Independent auditor's report

To the Board of Directors of Pryme B.V.

Report on the audit of the financial statements as at 31 December 2020

Our opinion

We have audited the financial statements as at 31 December 2020 of Pryme B.V.

In our opinion the accompanying financial statements give a true and fair view of the financial position of Pryme B.V. as at 31 December 2020 and of its result for 2020 in accordance with Part 9 of Book 2 of the Dutch Civil Code.

The financial statements comprise:

    1. the consolidated and company balance sheet as at 31 December 2020;
    1. the consolidated and company profit and loss account for 2020; and
    1. the notes comprising a summary of the accounting policies and other explanatory information.

Basis for our opinion

We conducted our audit in accordance with Dutch law, including the Dutch Standards on Auditing. Our responsibilities under those standards are further described in the 'Our responsibilities for the audit of the financial statements' section of our report.

We are independent of Pryme B.V. in accordance with the Verordening inzake de onafhankelijkheid van accountants bij assurance-opdrachten (ViO, Code of Ethics for Professional Accountants, a regulation with respect to independence) and other relevant independence regulations in the Netherlands. Furthermore we have complied with the Verordening gedrags- en beroepsregels accountants (VGBA, Dutch Code of Ethics).

We believe the audit evidence we have obtained is sufficient and appropriate to provide a basis for our opinion.

Report on the other information included in the annual accounts

In addition to the financial statements and our auditor's report thereon, the annual report contains other information that consists of:

  • the management report;
  • other information

Based on the following procedures performed, we conclude that the other information:

  • is consistent with the financial statements and does not contain material misstatements;
  • contains the information as required by Part 9 of Book 2 of the Dutch Civil Code.

By performing these procedures, we comply with the requirements of Part 9 of Book 2 of the Dutch Civil Code and the Dutch Standard 720. The scope of the procedures performed is substantially less than the scope of those performed in our audit of the financial statements.

Management is responsible for the preparation of the management report in accordance with Part 9 of Book 2 of the Dutch Civil Code and other information as required by Part 9 of Book 2 of the Dutch Civil Code.

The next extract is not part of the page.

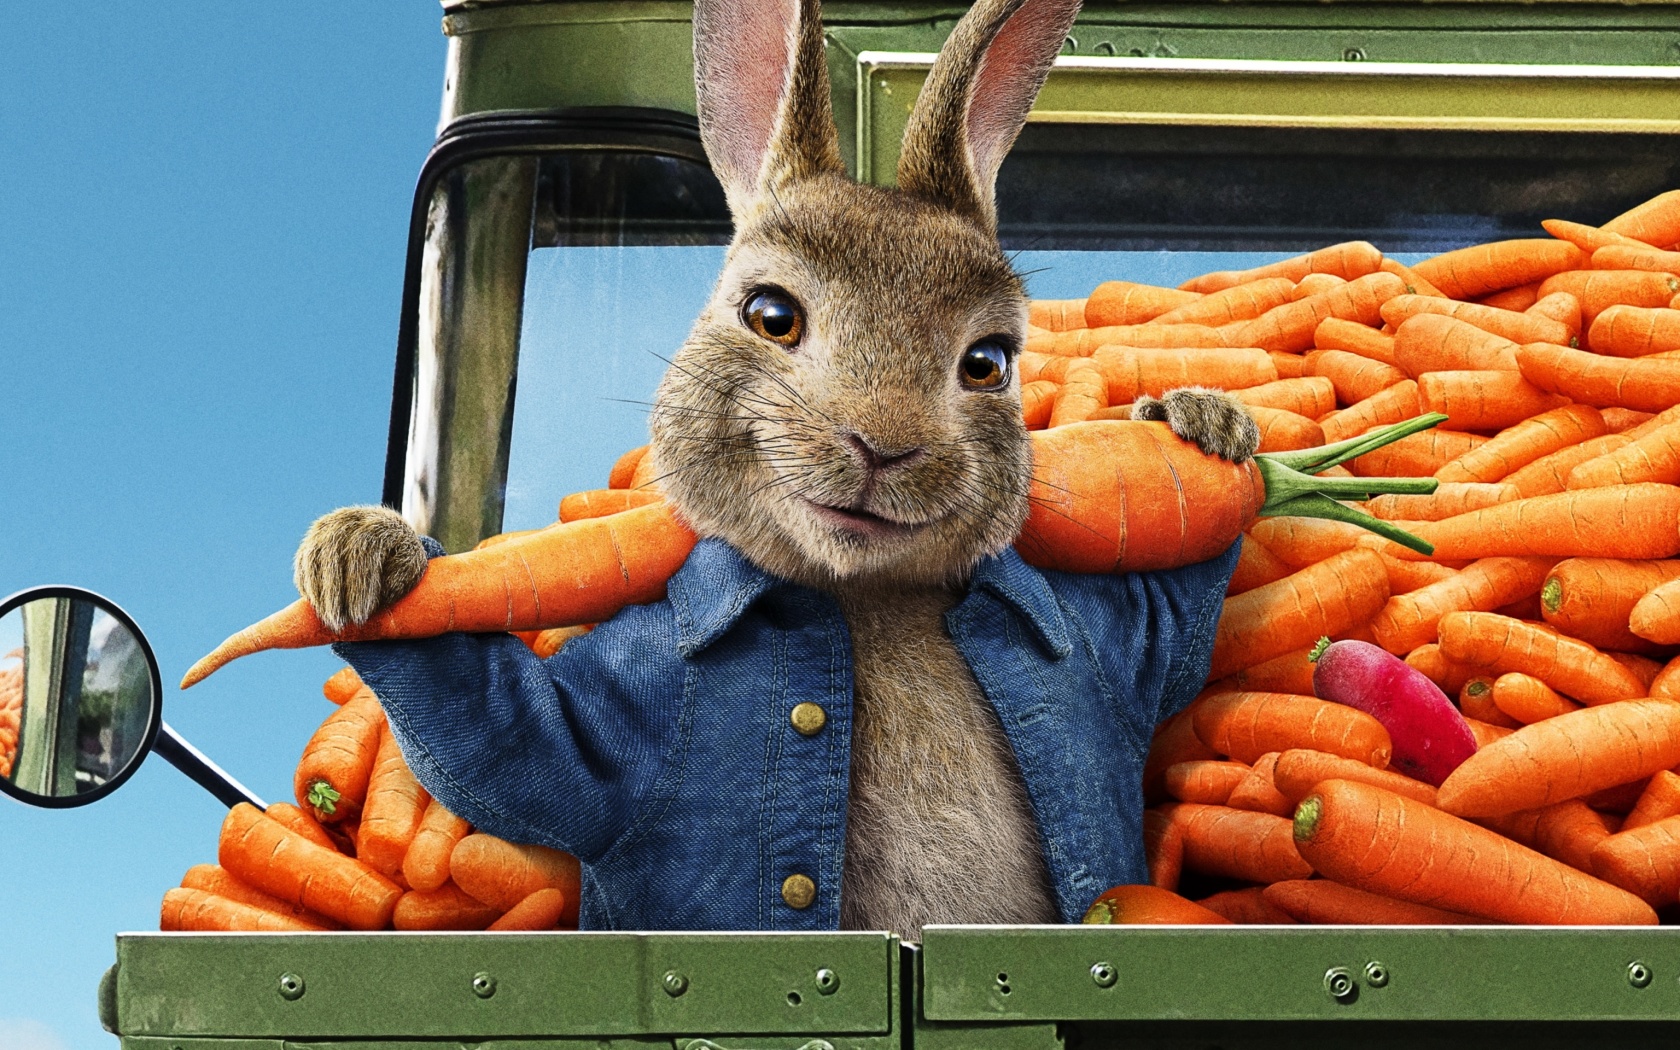 Peter Rabbit 2 The Runaway 2020 wallpaper 1680x1050

Description of responsibilities regarding the financial statements

Responsibilities of board of directors for the financial statements

The Board of Directors is responsible for the preparation and fair presentation of the financial statements in accordance with Part 9 of Book 2 of the Dutch Civil Code. Furthermore, the board of directors is responsible for such internal control as management determines is necessary to enable the preparation of the financial statements that are free from material misstatement, whether due to fraud or error.

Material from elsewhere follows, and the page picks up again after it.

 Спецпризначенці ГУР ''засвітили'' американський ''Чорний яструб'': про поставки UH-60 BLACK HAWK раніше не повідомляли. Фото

As part of the preparation of the financial statements, management is responsible for assessing the company's ability to continue as a going concern. Based on the financial reporting framework mentioned, management should prepare the financial statements using the going concern basis of accounting unless management either intends to liquidate the company or to cease operations, or has no realistic alternative but to do so.

The management board should disclose events and circumstances that may cast significant doubt on the company's ability to continue as a going concern in the financial statements.

Our responsibilities for the audit of the financial statements

Our objective is to plan and perform the audit assignment in a manner that allows us to obtain sufficient and appropriate audit evidence for our opinion.

Our audit has been performed with a high, but not absolute, level of assurance, which means we may not detect all material errors and fraud during our audit.

Misstatements can arise from fraud or error and are considered material if, individually or in the aggregate, they could reasonably be expected to influence the economic decisions of users taken on the basis of these financial statements. The materiality affects the nature, timing and extent of our audit procedures and the evaluation of the effect of identified misstatements on our opinion.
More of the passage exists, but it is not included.